México vence a Camerún 1-0 en debut mundialista | Mundial Brasil 2014


----------



## Hound Dog (Jan 18, 2009)

It should have been Mexico 3 , Cameroon 0 except for bad officiatiing. Mexico clearly dominated. Spain is now losing big time to The Netherlands. This sholdl be lots of fun as we move toward the final rounds.


----------



## joaquinx (Jul 3, 2010)

Looking forward to a tie between Cameroon and Croatia. If Mexico can tie Croatia, we're in.
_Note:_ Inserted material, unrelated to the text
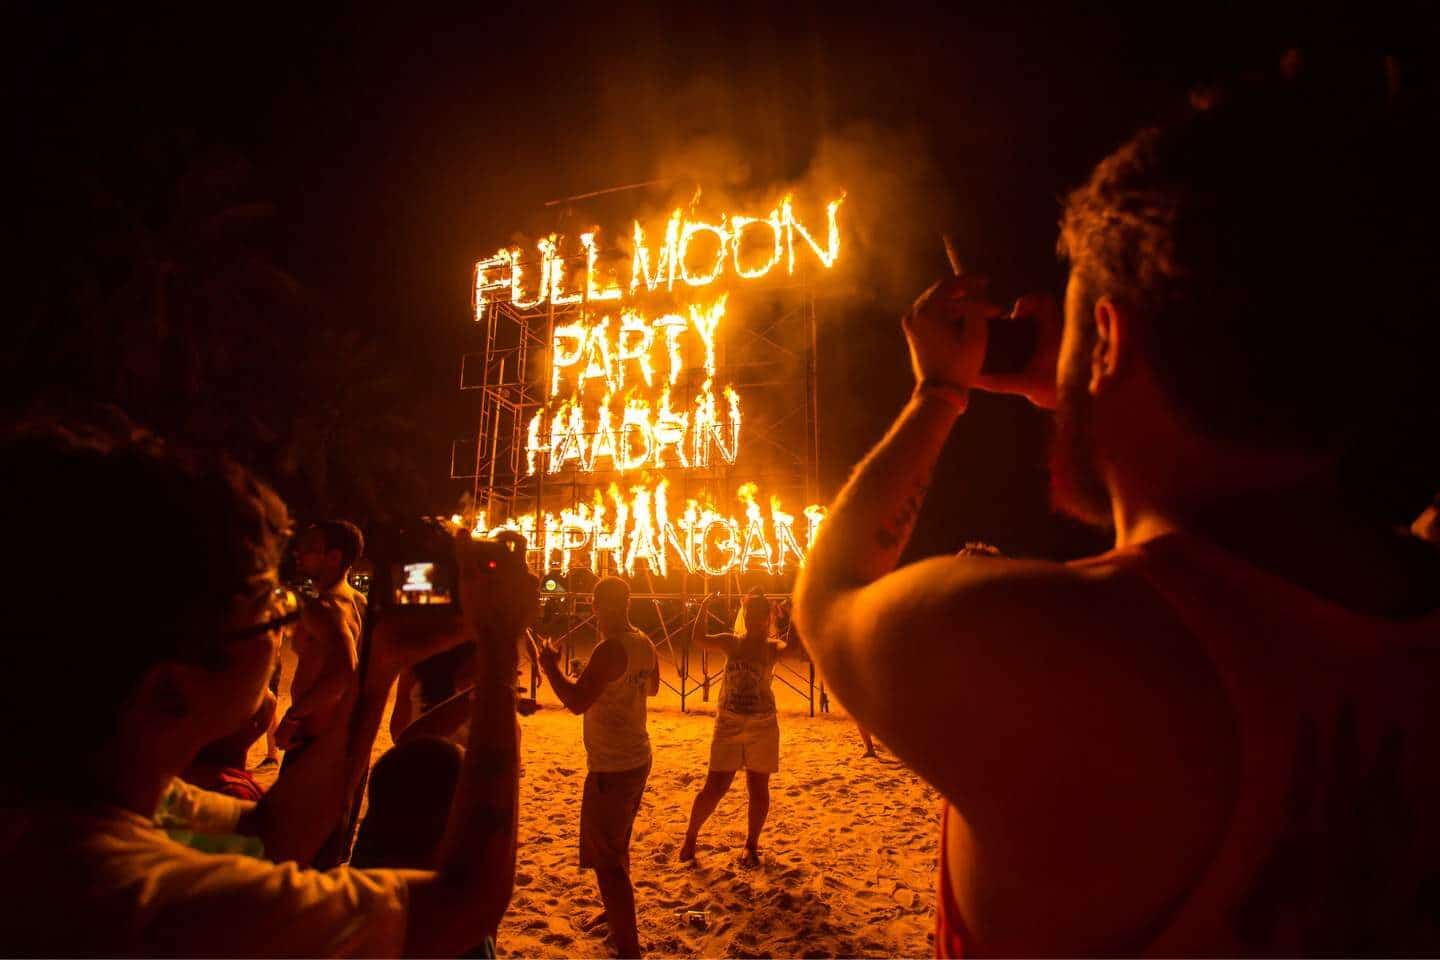 Full moon party fire sign on
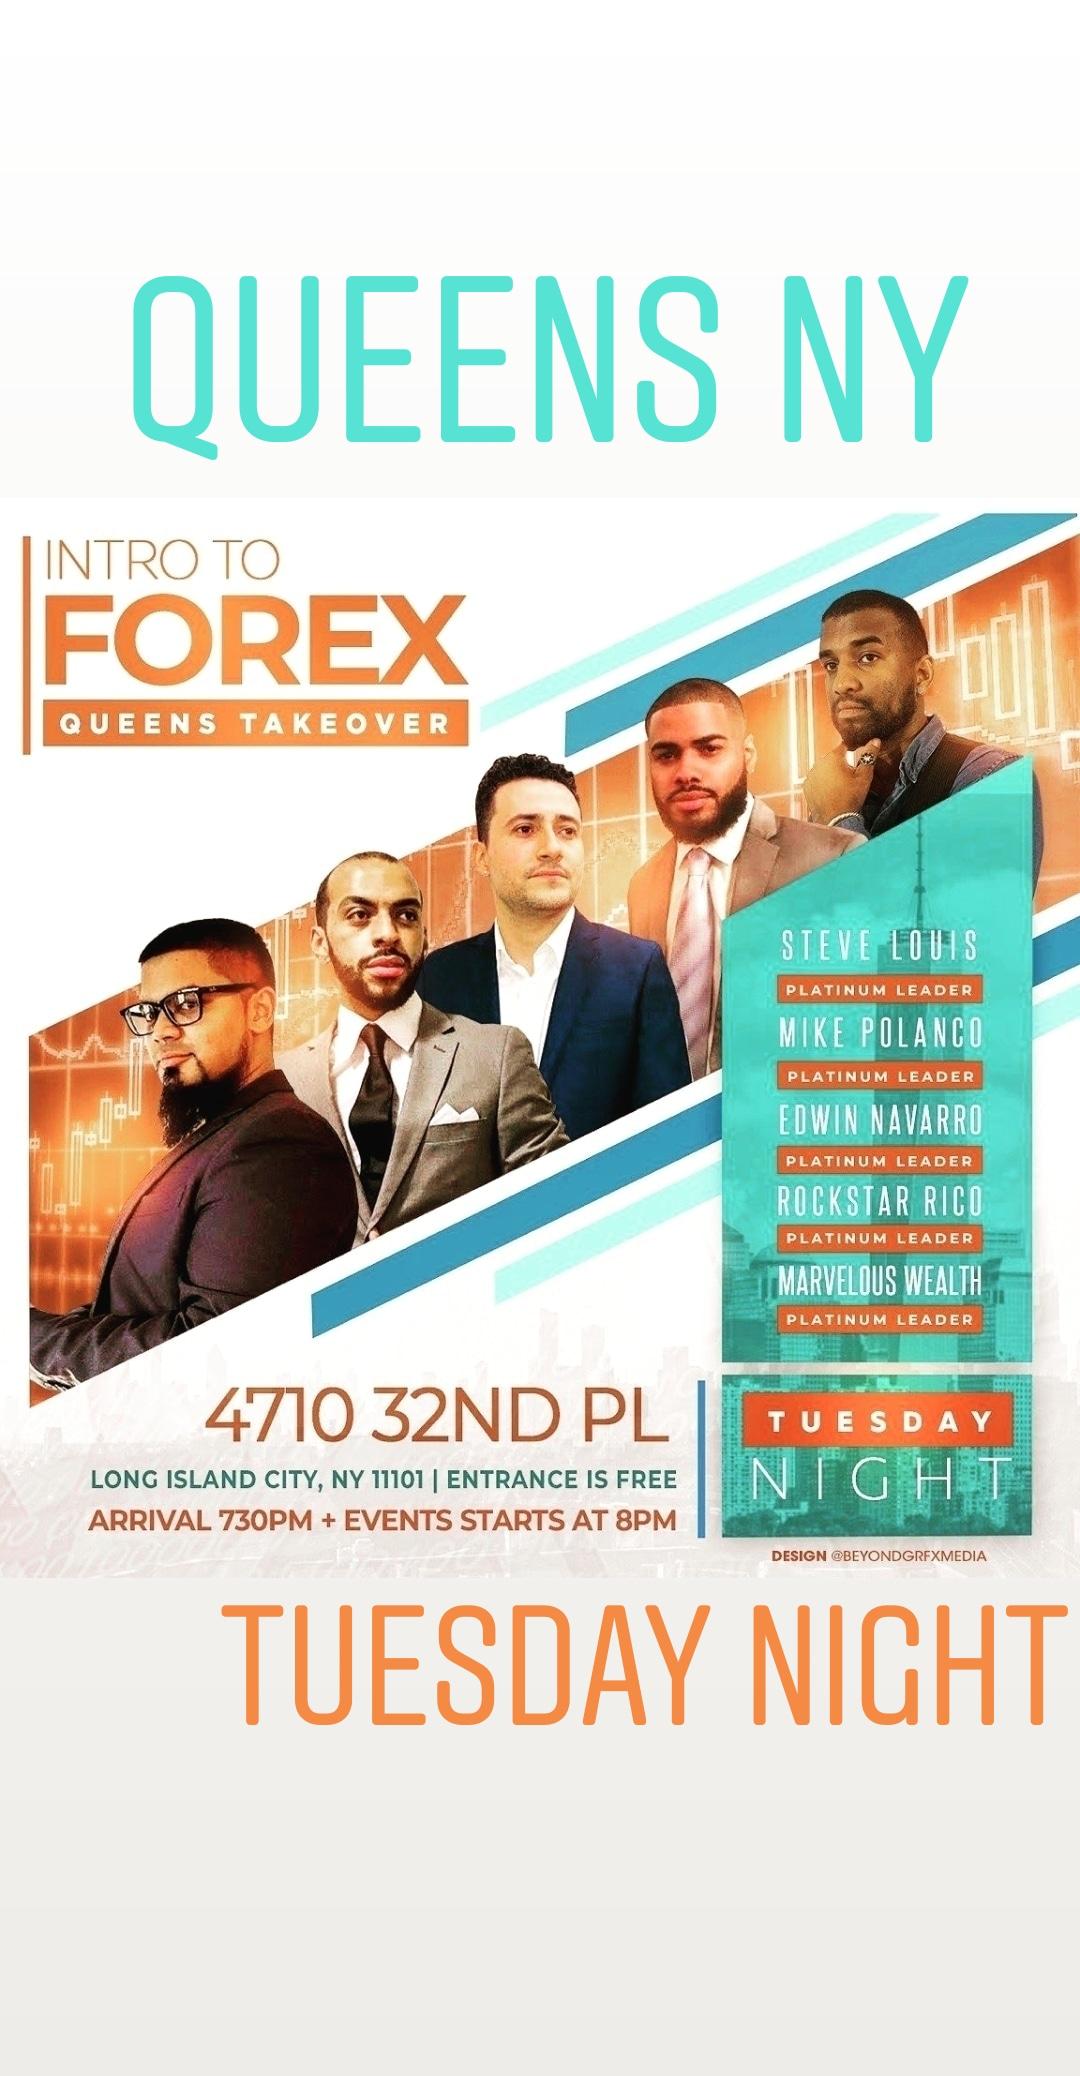 FREE Intro To Forex Trading Course in Queens, NY

Remember that Holland lost to Spain in the Finals in S. Africa.


----------



## Isla Verde (Oct 19, 2011)

joaquinx said:


> Looking forward to a tie between Cameroon and Croatia. If Mexico can tie Croatia, we're in.
> 
> Remember that Holland lost to Spain in the Finals in S. Africa.


We'll have to keep our fingers crossed:fingerscrossed:. I'm going to wear my lucky _aretes tricolores_ for more luck!

Wow, Spain just lost to The Netherlands 5 -1.


----------



## citlali (Mar 4, 2013)

Yes that was some game...The Netherlands stumped them .


----------